Monday, July 19, 2010
Europe freezes out Goldman Sachs
European governments are turning their backs on Goldman Sachs, the all-conquering investment bank that has suffered a series of blows to its reputation, capped by the biggest ever fine imposed on a Wall Street firm.
According to data from Dealogic, Greece, Spain, France and Italy have all denied the bank a lead role in their recent sovereign bond sales.
Last Thursday, Goldman agreed to pay a $550m fine to settle US regulators' claims that the bank misled investors in a mortgage-backed security. Goldman admitted that its marketing materials were incomplete, because they failed to state that the same third party that helped choose the assets had taken a bet against them.
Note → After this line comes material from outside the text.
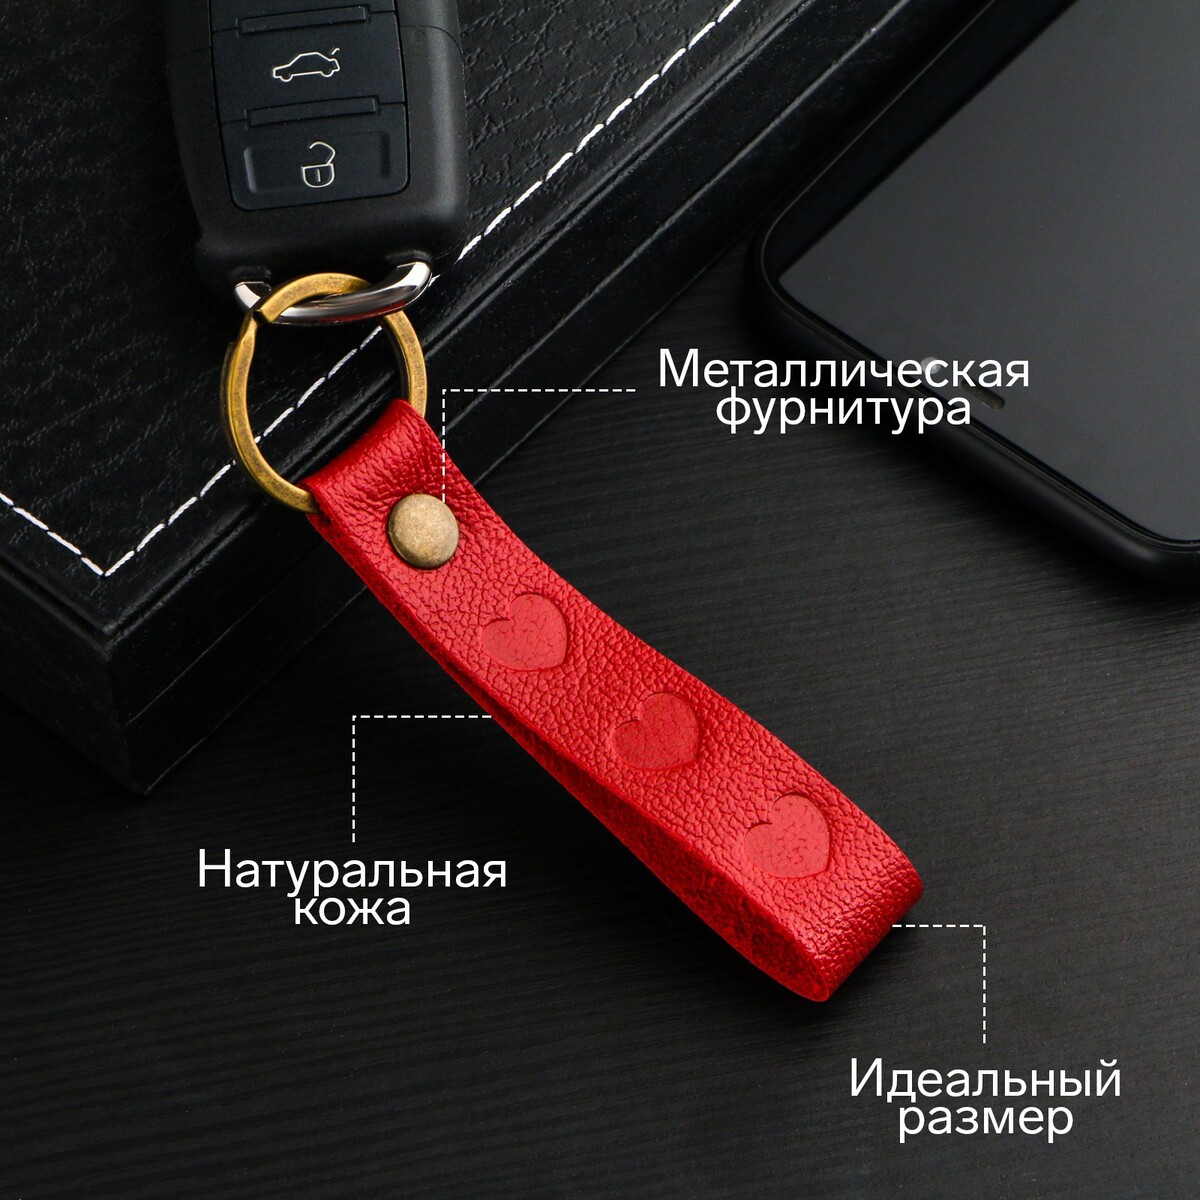 Брелок для автомобильного ключа, ремешок, натуральная кожа, красный, сердце гайка m12x1 5 44 под шестигранник спец внутр красный 20 2 ключа

But governments have also been shocked at the emergence of past transactions between Goldman and Greece and Italy, where products the bank helped to sell aided both in hiding government debt. Greece, which used Goldman in a bond sale this year, is practically at war with the bank. A sharp contrast with the situation months before, when Goldman bankers dined with the prime minister in a private meeting overlooking the Acropolis. The relationship broke down, though, after news leaked earlier this year that Goldman was about to strike a bond sale deal with China's sovereign fund – which never materialised.
Spain, which used Goldman among its top 10 bookrunners last year, has not done so in 2010, while Italy has not given the bank a leading role since 2007. France has not used Goldman in any lead position over the past three years, and it seems doubtful that it will do so in the near future. "French people would riot in the streets if we chose Goldman," said a person familiar with the French treasury.
The French government has said it will only use banks that cap management and traders' bonuses. This year, Goldman limited the pay and bonus compensation to its London partners at £1m, though other bankers and traders can receive much more, provided they are not partners. Goldman has also been criticised of for taking short positions, or betting on a price fall, against some European sovereign bonds – after taking part in a bond sale, a person involved in sovereign debt sales said. The bank says it has presence in the European sovereign bank market and that it has recently participated in deals in Britain, Portugal and Belgium.
Countries such as Spain and France have also shied away from Goldman because their traditionally conservative treasury departments prefer to steer clear of risky investments. The French treasury, for instance, only issues debt in euros, staying away, like Spain, from the complex foreign exchange or swap deals that brought trouble to Greece and Italy. "The Spanish treasury can't justify in parliament why, if things go wrong, they have a multimillion-euro position in Indian rupees, for example," a sovereign bond banker said.
Governments also stick to plain-vanilla deals, with little complexity, in order to keep their prized AAA rating, reducing their borrowing costs as much as possible, a source familiar with the French Tresor said.
IKB, the failed bank bailed out by the German government, recently considered suing Goldman because of its exposure to the structured products sold by the US bank. Following the settlement between Goldman and the SEC, the US securities regulator, last week, IKB said the German lender was "reviewing the settlement documents".
Germany has only made one syndicated bond sale in the last three years, in 2009, when it appointed Deutsche Bank, Citibank, HSBC and BofA-Merrill Lynch as lead managers.